I was about to make a beeline to my guest room, which, if anything, would smell of dust or staleness or whatever other odor is given off by a room that’s rarely, if ever, used. I didn’t care. So long as it wasn’t her.

Suddenly, though, I froze. Something had caught my eye. It was the yellow legal pad on the end of the bed, the one Claire had used when she took the phone call. She’d ripped off the top sheet she’d written on.

But the one beneath it …

CHAPTER 8

I ALL but lunged for the pad, gripping it beyond tight while staring at the indentations she’d left behind.

Another impression.

I could make out a letter here, a letter there.
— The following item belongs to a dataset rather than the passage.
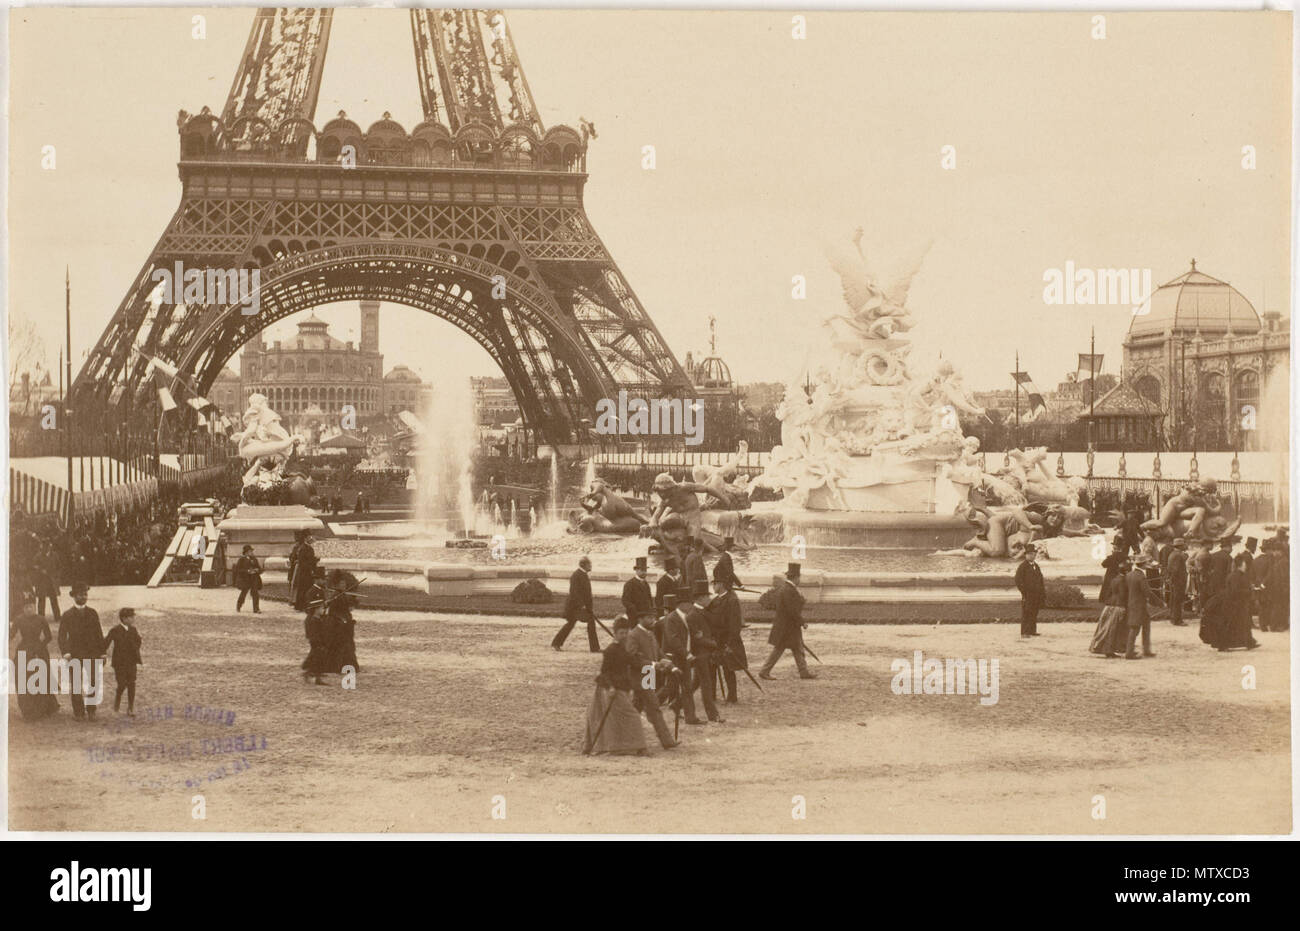 . English: Black and white photograph taken during the Exposition Universelle (1889) from the Champ-de-Mars towards the Trocadero palace (1878) showing the Monumental fountain (1889) in the foreground, the Eiffel Tower arch and, on the right hand, the main entrance of thePalace of Fine-Arts. The striped tents on both sides of the Champ-de-Mars, typical for the 1889 exposition and the Palace of Fine Arts were distroyed after the event. 1889. Unknown 468 Paris Exposition 1889 Champ-de-Mars towards Trocadero Stock Photo

An S followed by something, followed by a B. Or was that a 6?

I flipped on the nearby lamp for more light, angling the pad every which way, trying to decipher the ever-so-slight grooves in the paper. It could’ve been a name, but all my money was on it being an address. It was where Claire was going. It had to be. But I still couldn’t make it out.

I thought for a few seconds, racking my brain. Before I knew it, I was dashing across my living room and into my office, grabbing a pencil, followed by a piece of paper from my printer tray. This could work, I thought.

Laying the paper over the pad, I began gently making a rubbing, like people do with tombstones and other memorials. But the printer paper was too thick. I needed something thinner. I knew exactly where to find it, too.